** How to complete this task **
Skip the pictures and give back the rest of the listing exactly.

START Data segment

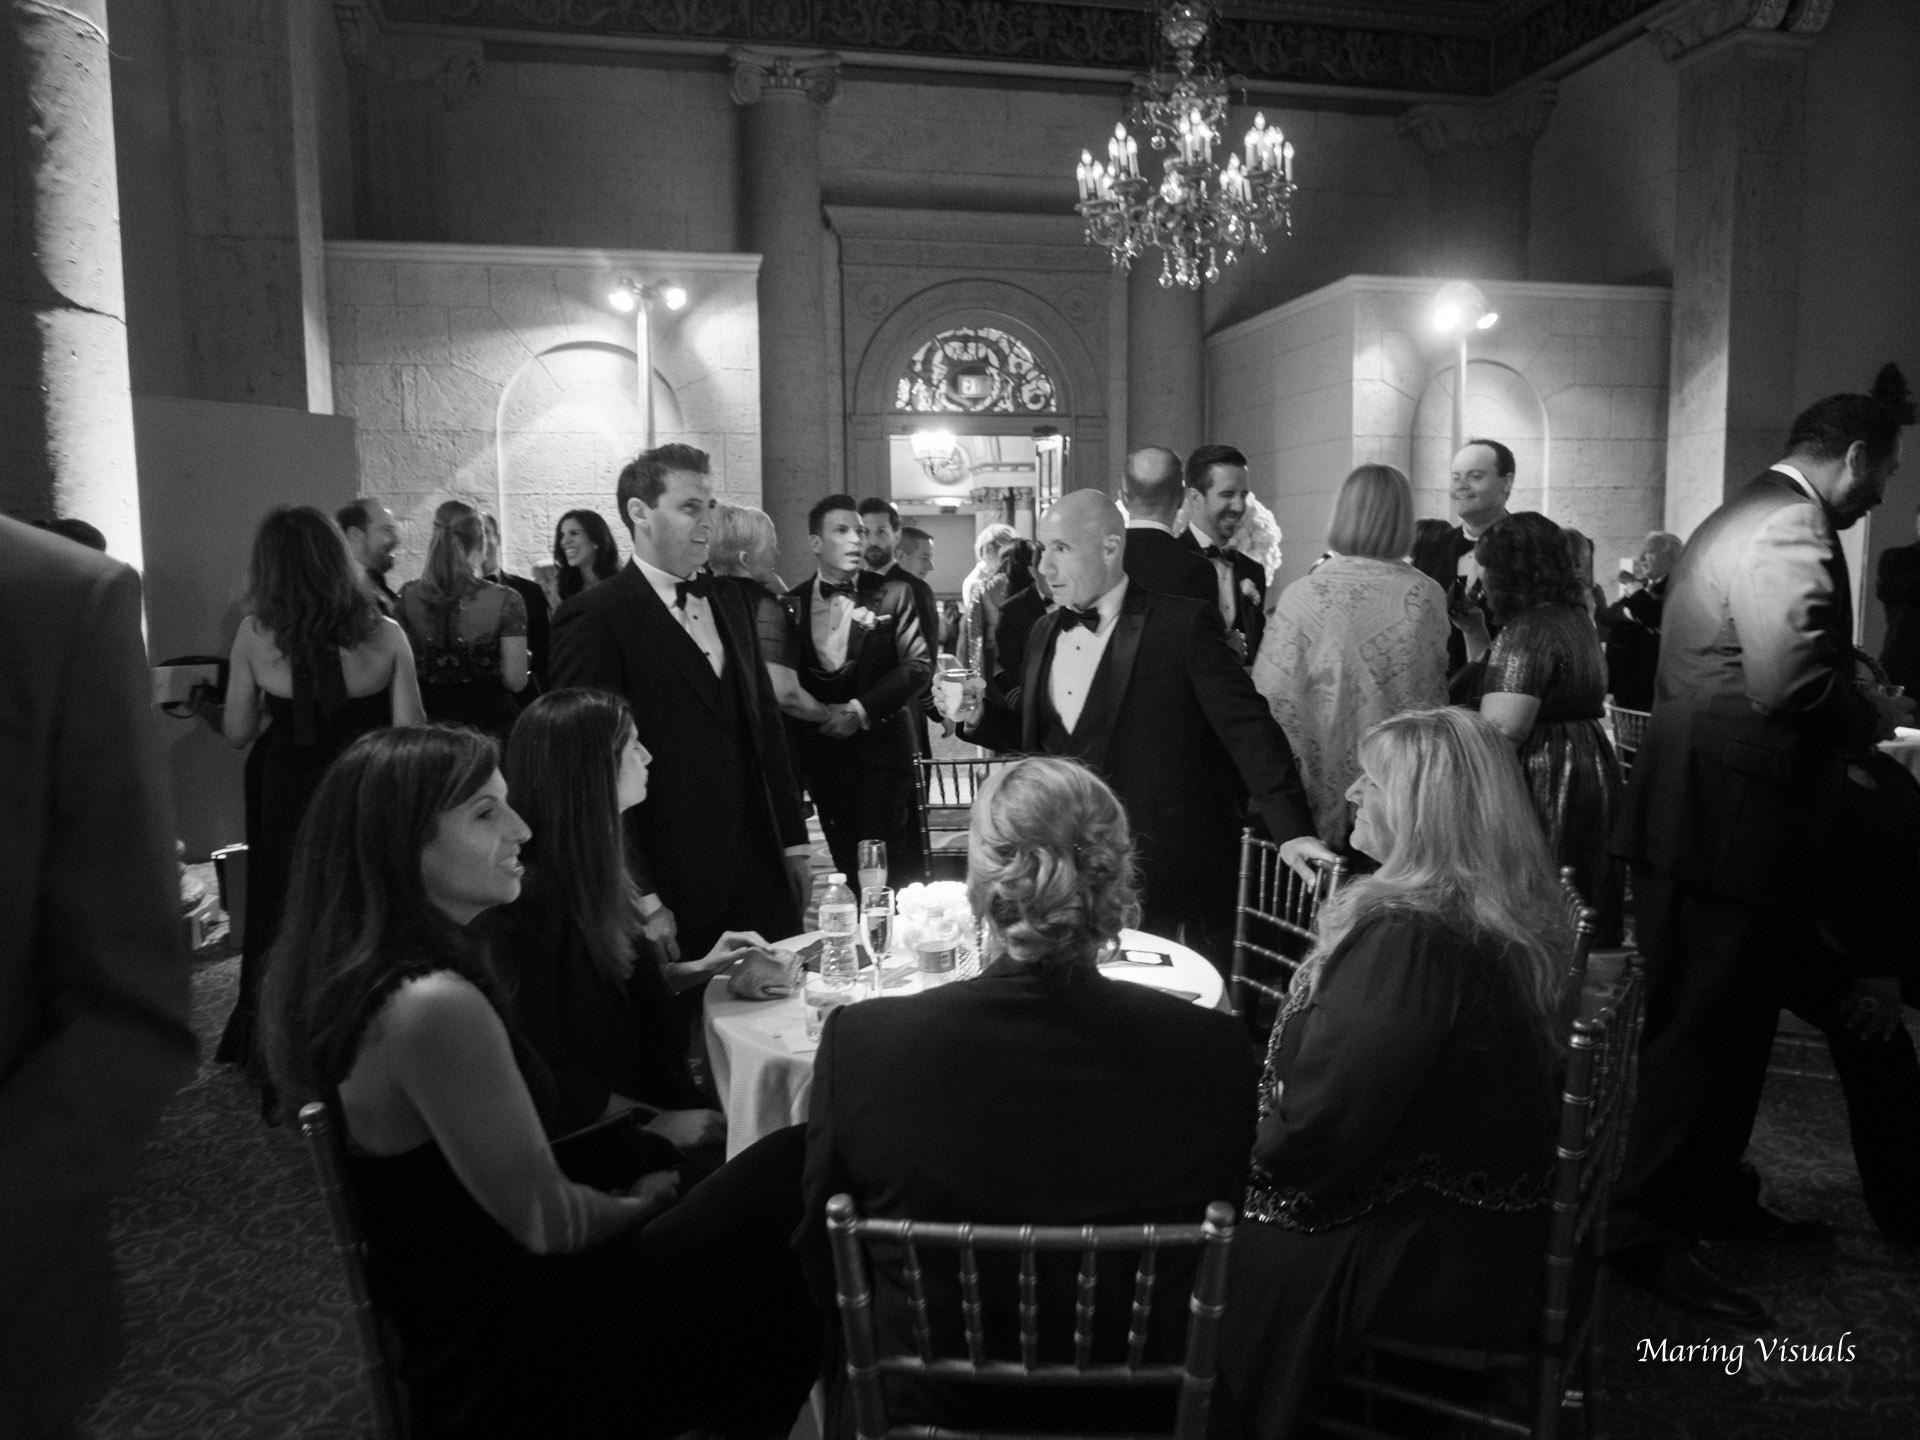 David Tutera Weddings by Maring Visuals 00546.jpg
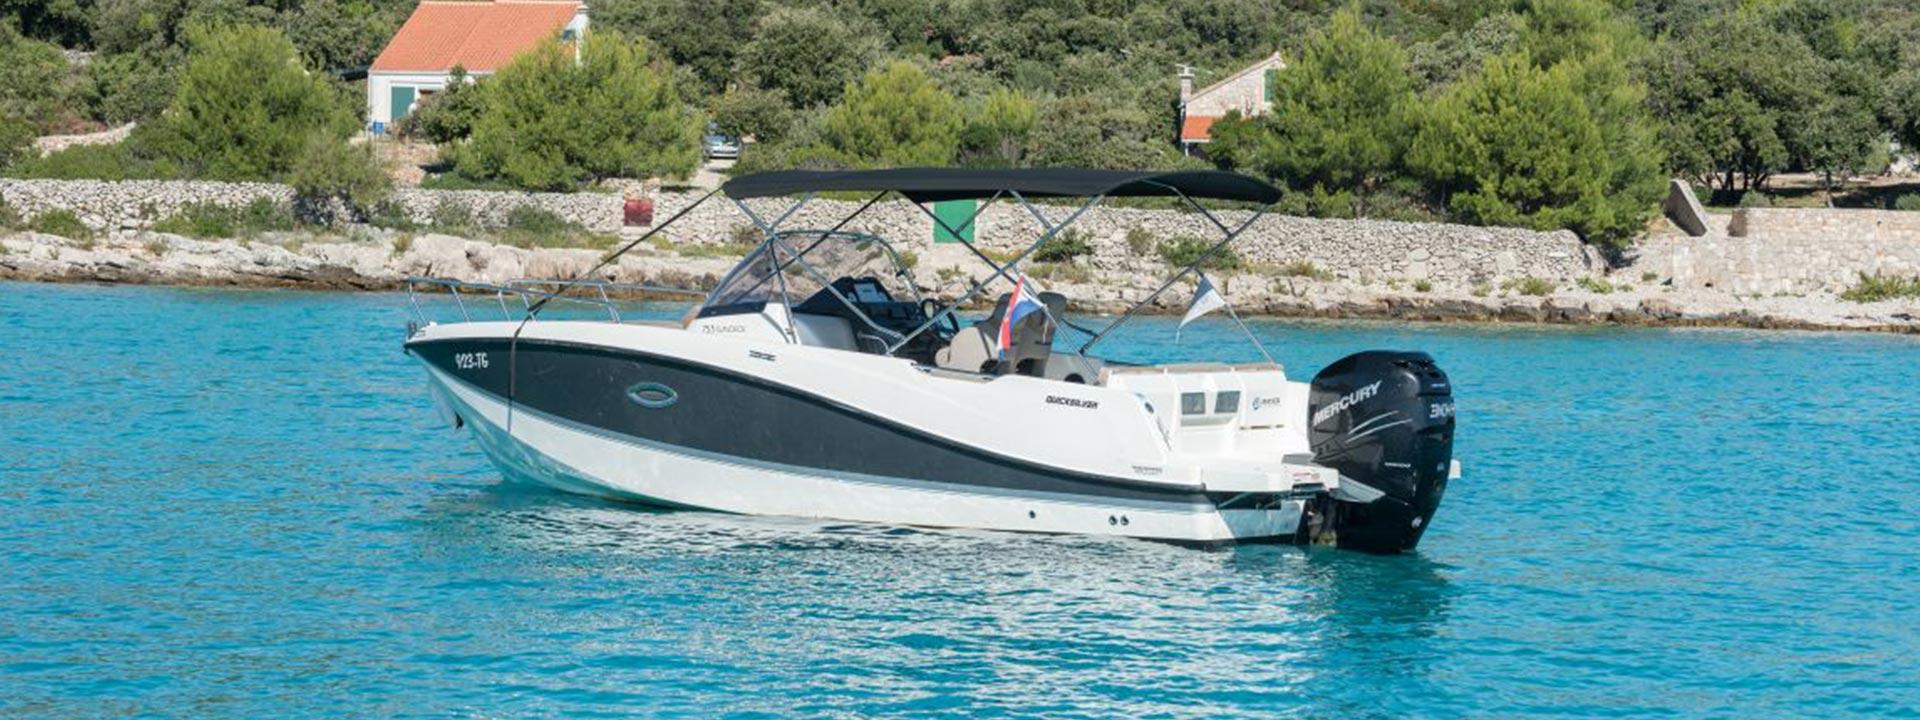 mayer-charter-boat-header-quicksilver-activ-755-sundeck-02
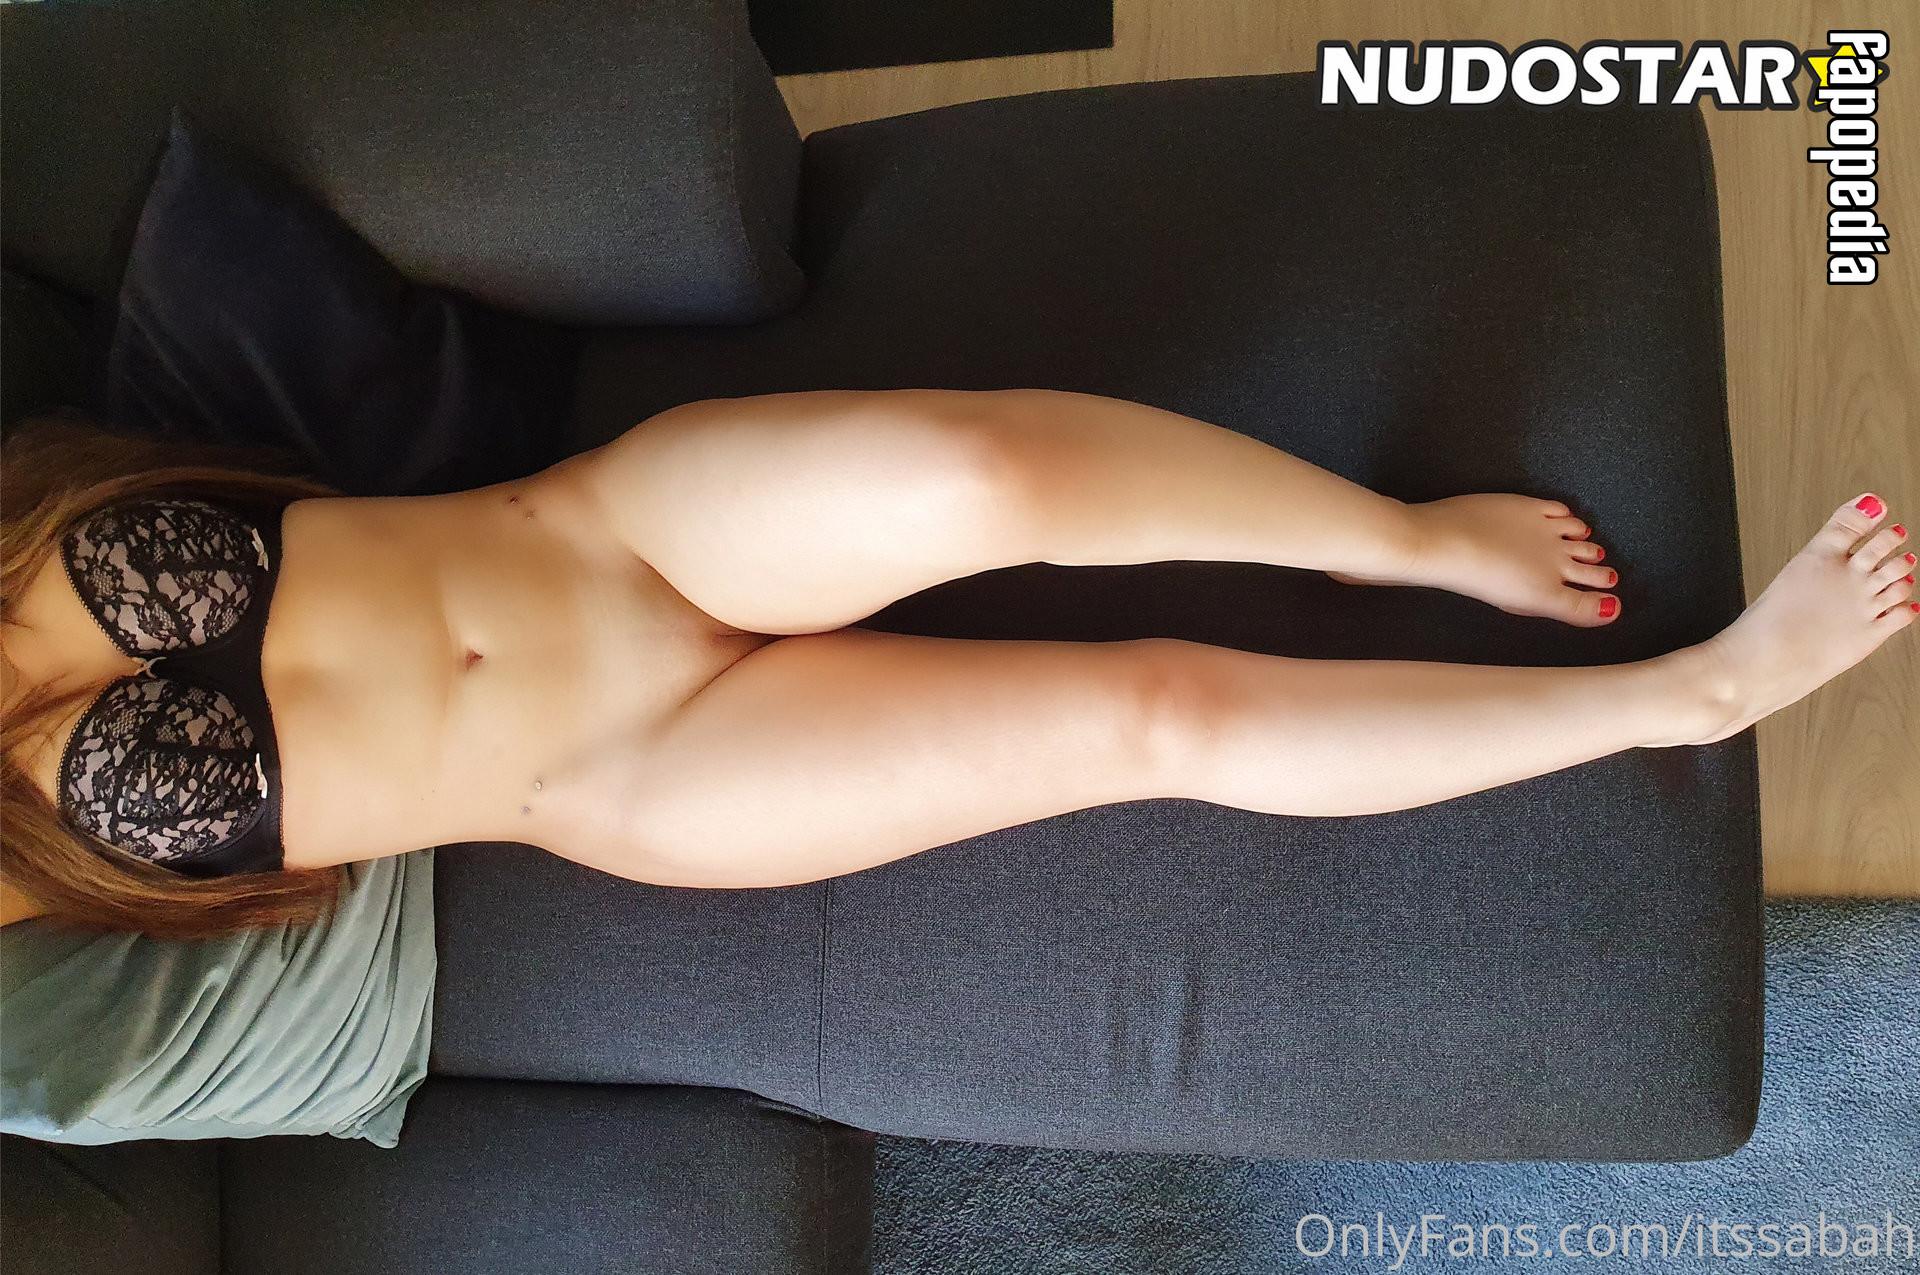 Itssabah Nude OnlyFans Leaks

END Data segment

** Output **
 David Tutera Weddings by Maring Visuals 00546.jpg
 mayer-charter-boat-header-quicksilver-activ-755-sundeck-02
 Itssabah Nude OnlyFans Leaks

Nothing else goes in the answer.